■ What you should do
From the line with "Rudd Farm remains" down to the final line of the material, please transcribe everything exactly, but leave the pictures out.

■ Data segment
= = = = =
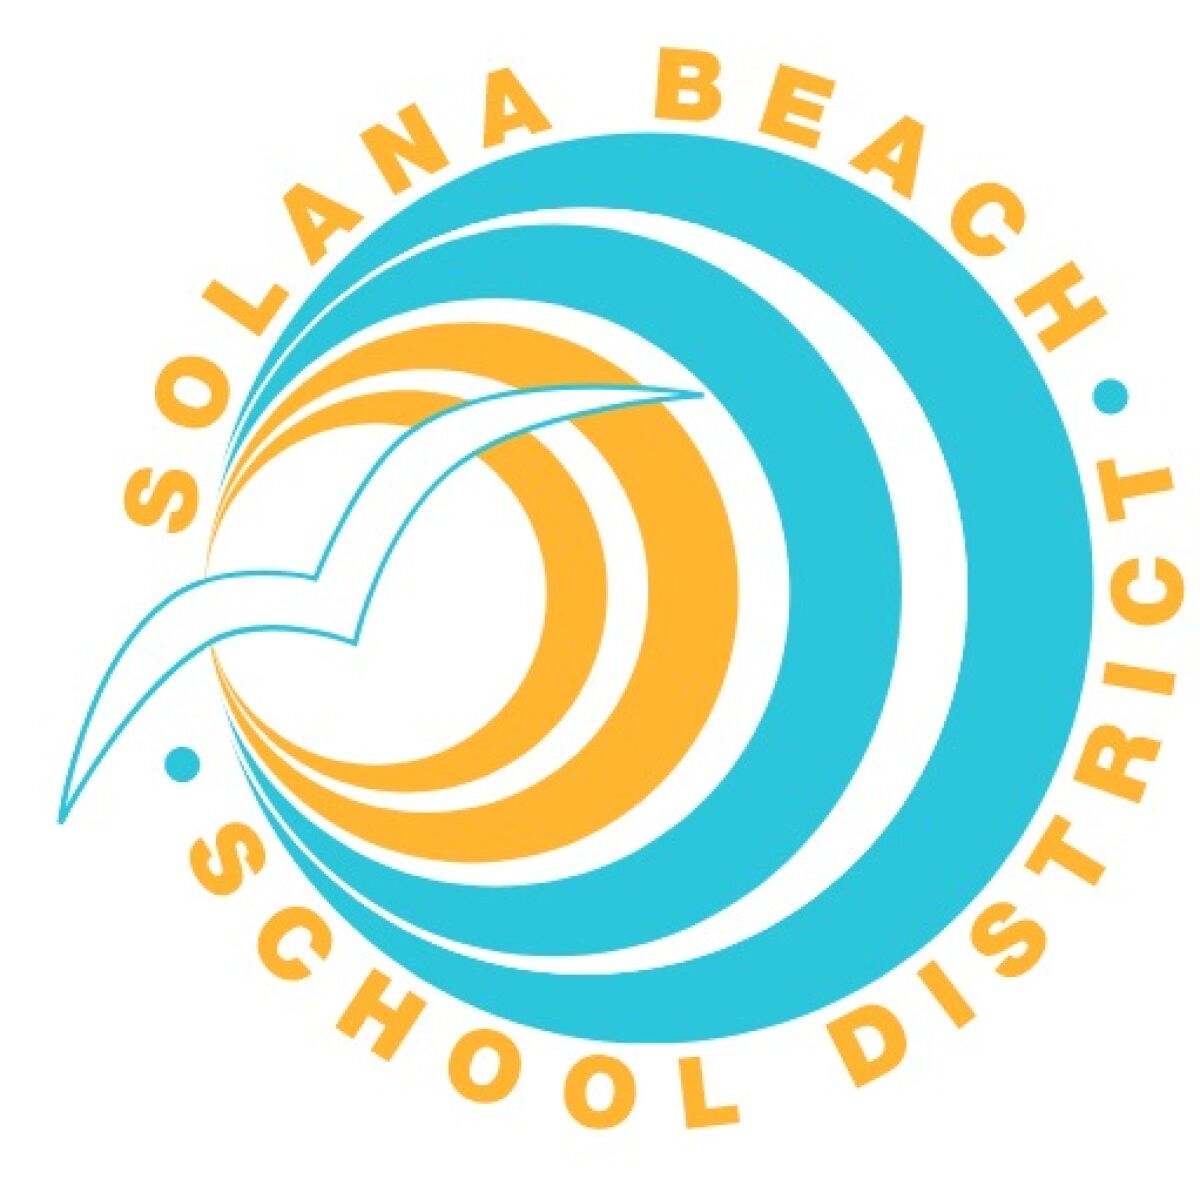 The new Solana Beach School District logo, created by former district parent Mary Tomlinson.
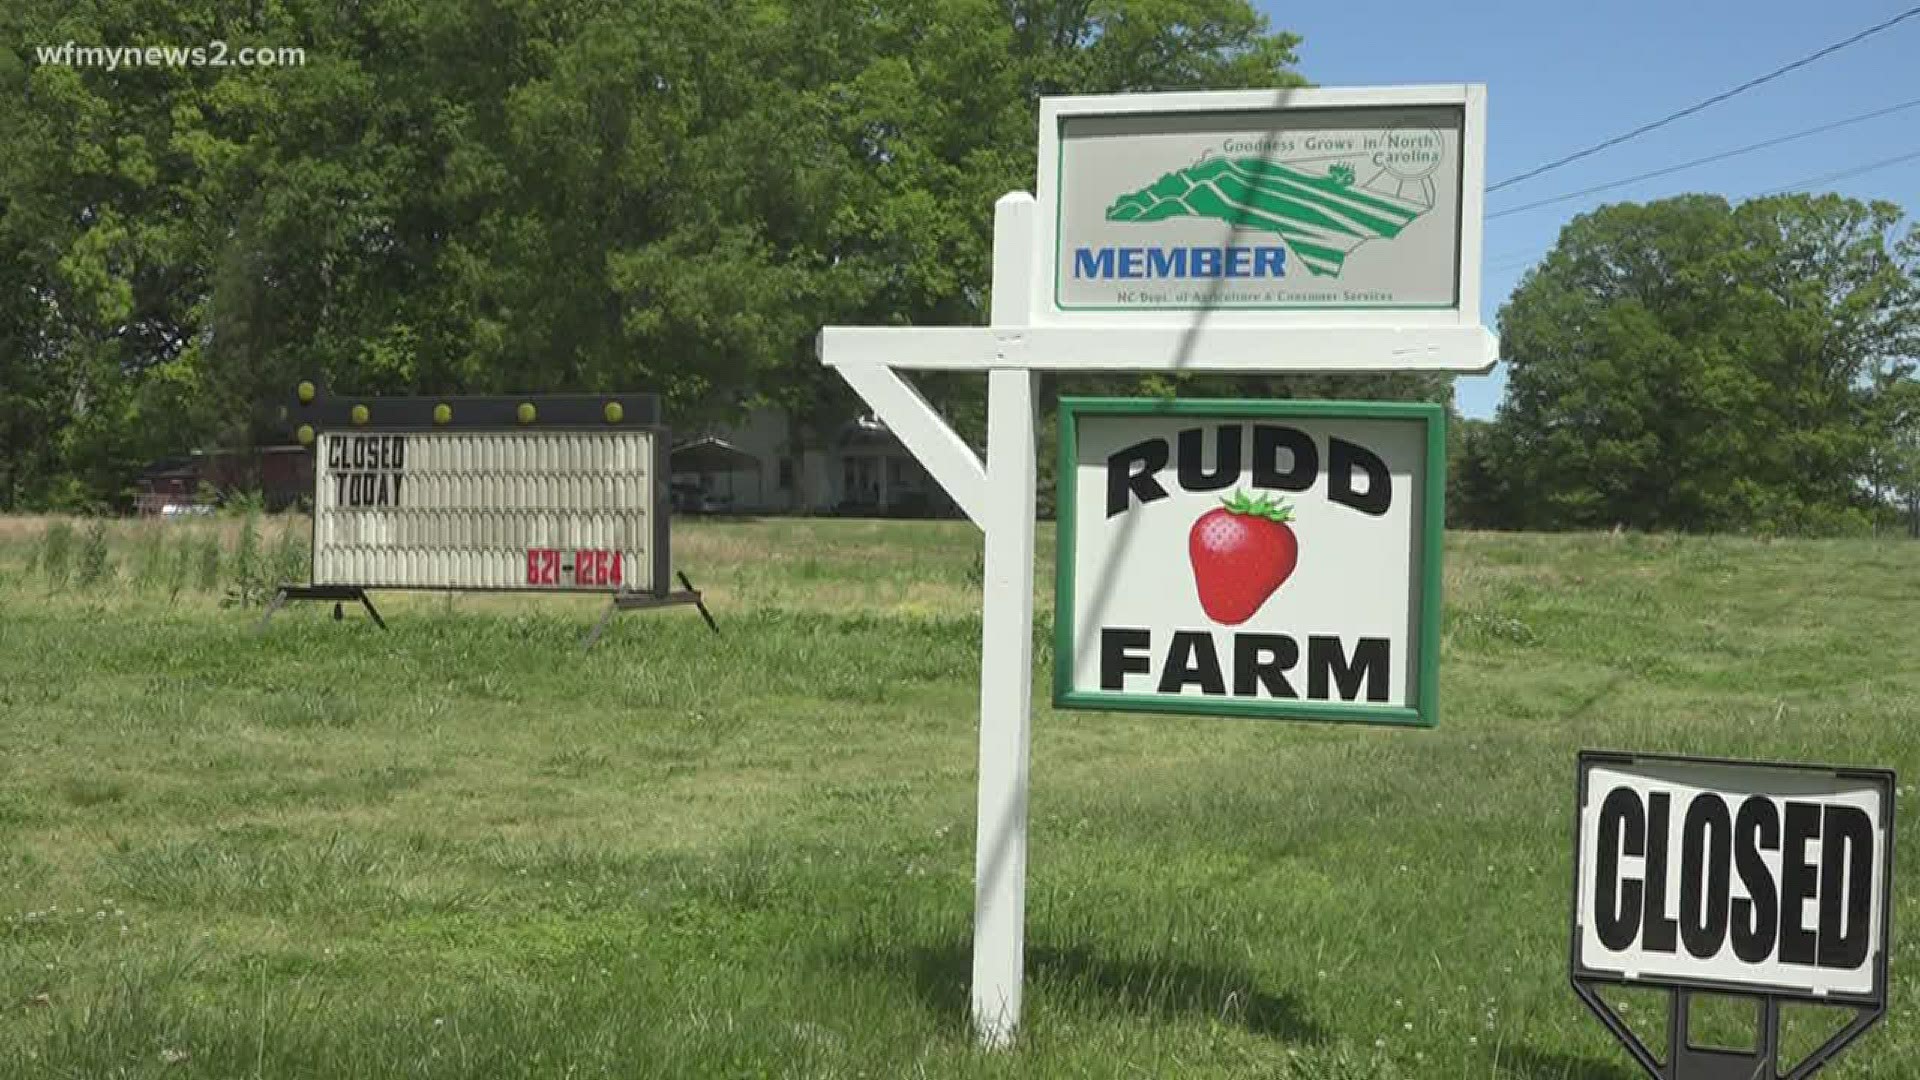 Rudd Farm remains closed due to several employees testing positive for coronavirus. The farm won't open for at least two weeks.
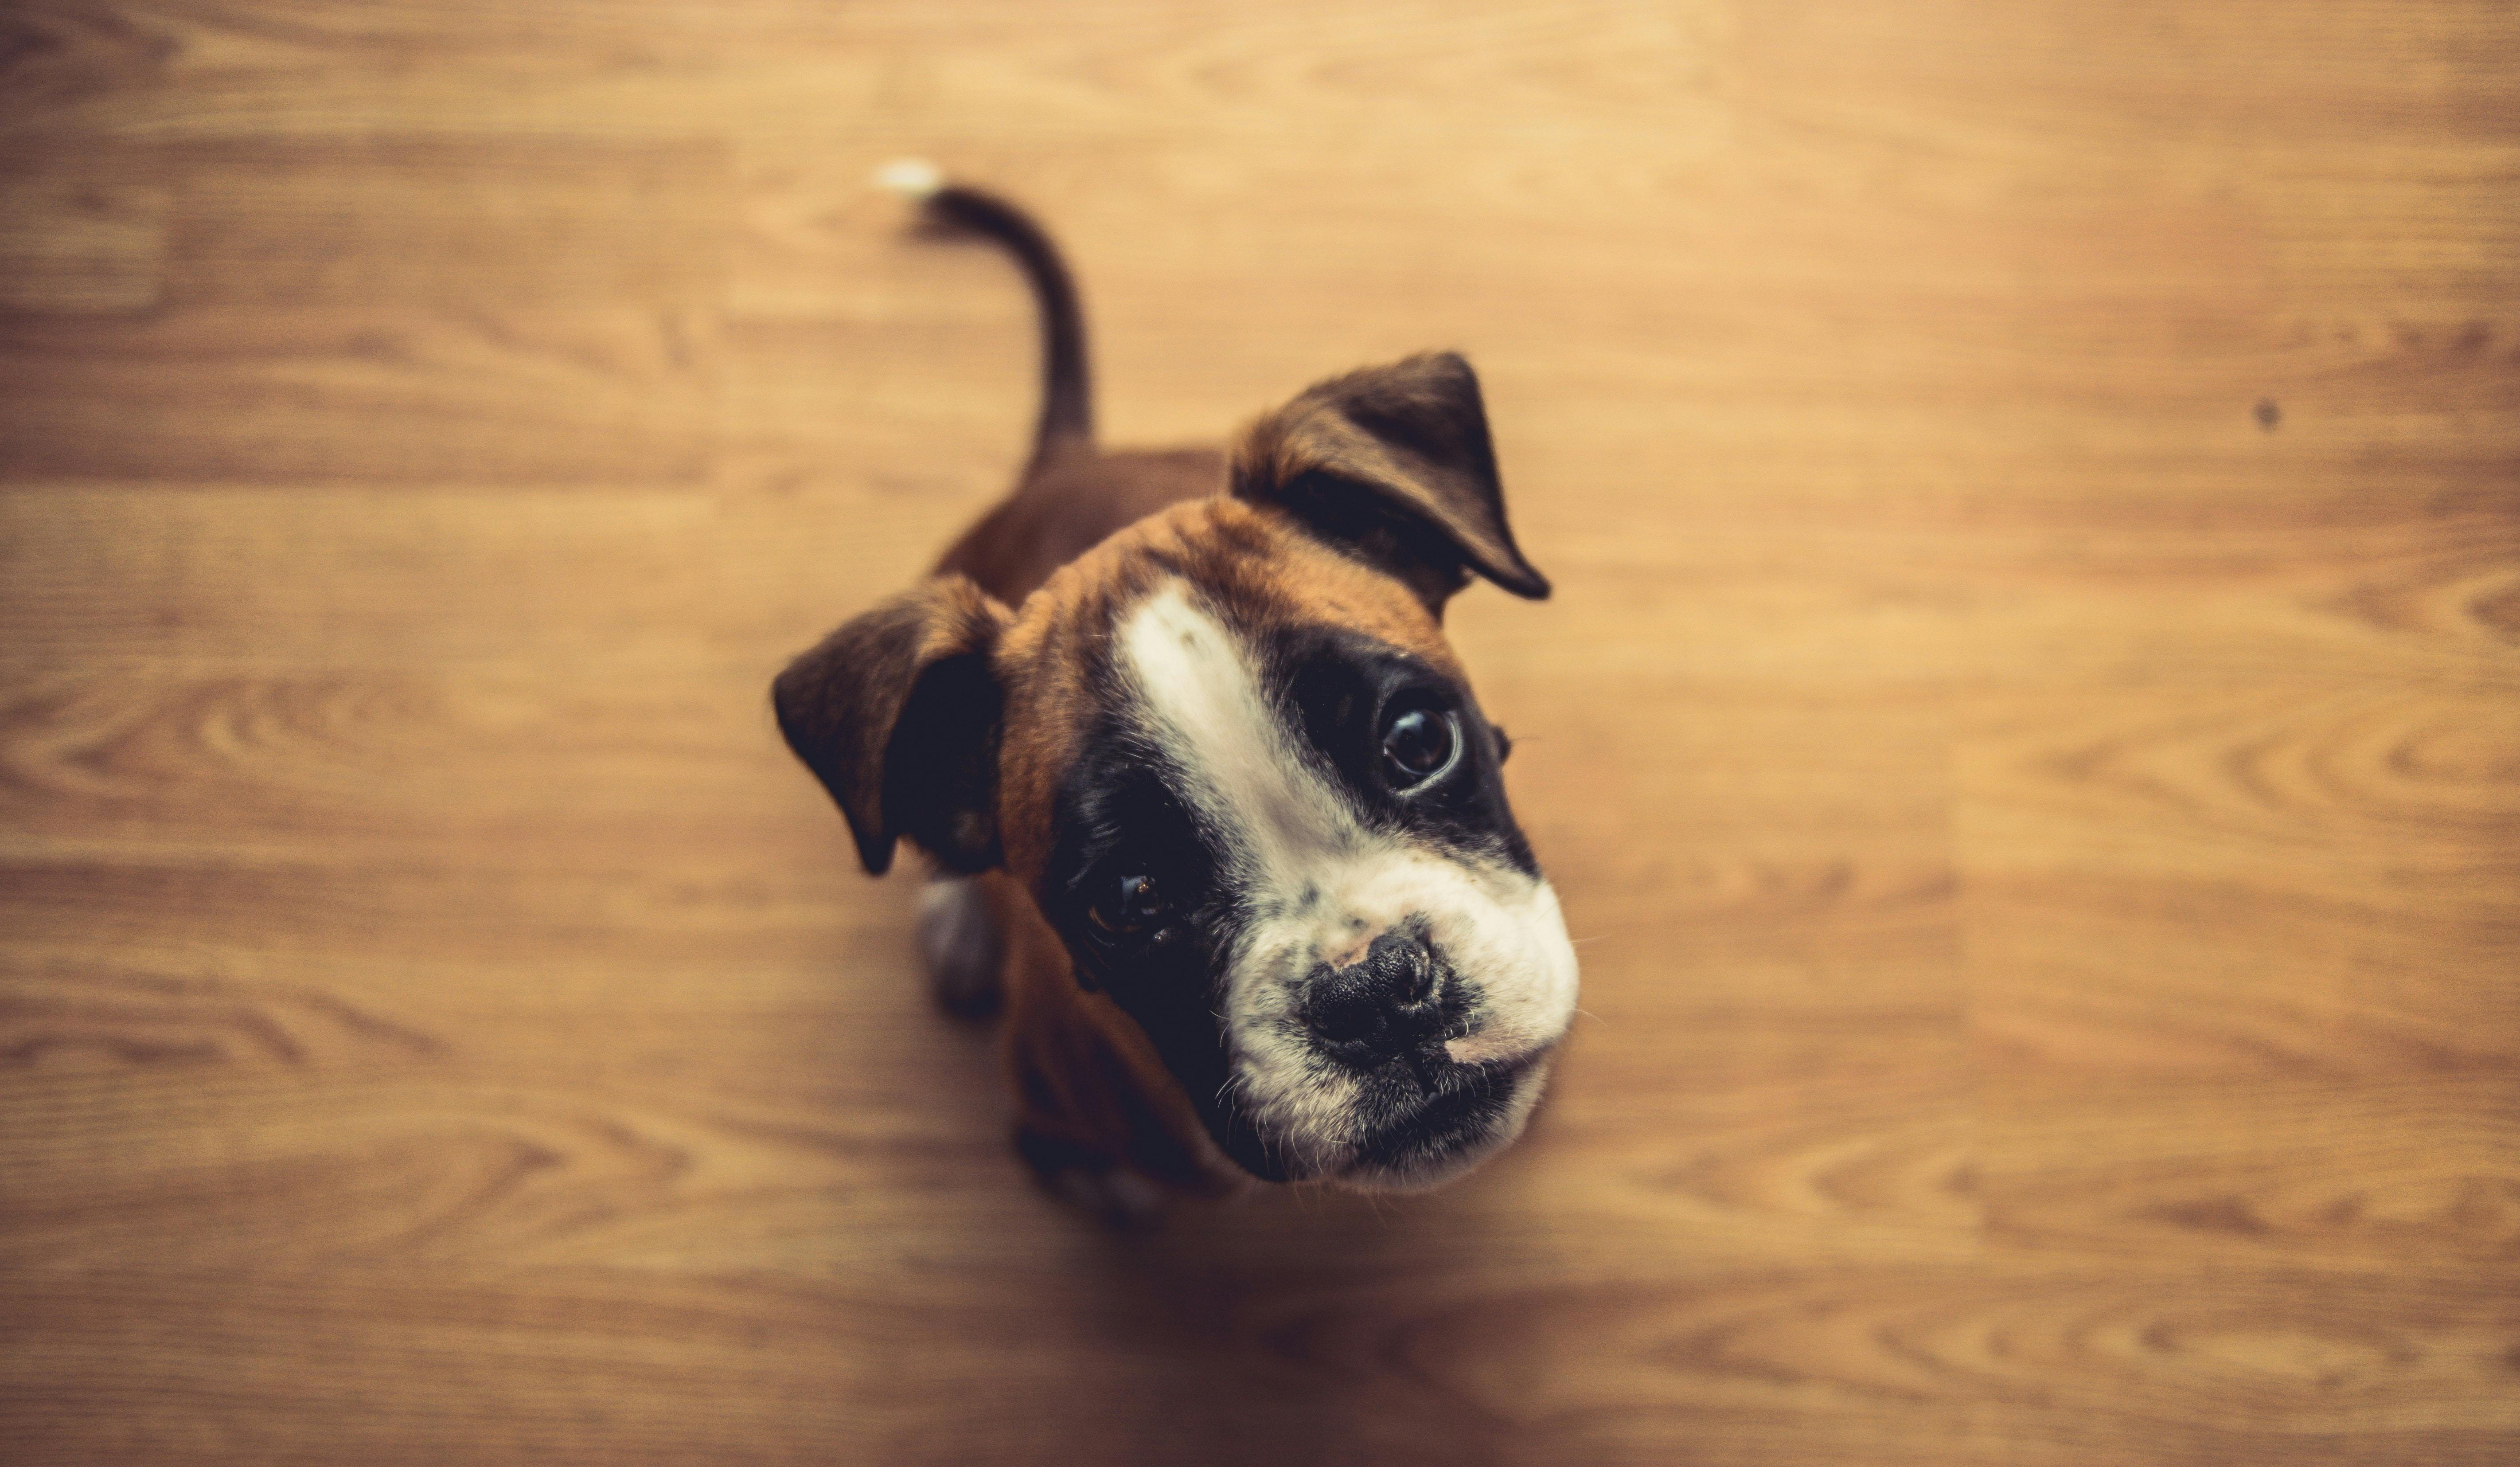 Boxer puppy sitting on the floor and looking at the camera with puppy eyes
= = = = =
■ Result of the exercise
 Rudd Farm remains closed due to several employees testing positive for coronavirus. The farm won't open for at least two weeks.
 Boxer puppy sitting on the floor and looking at the camera with puppy eyes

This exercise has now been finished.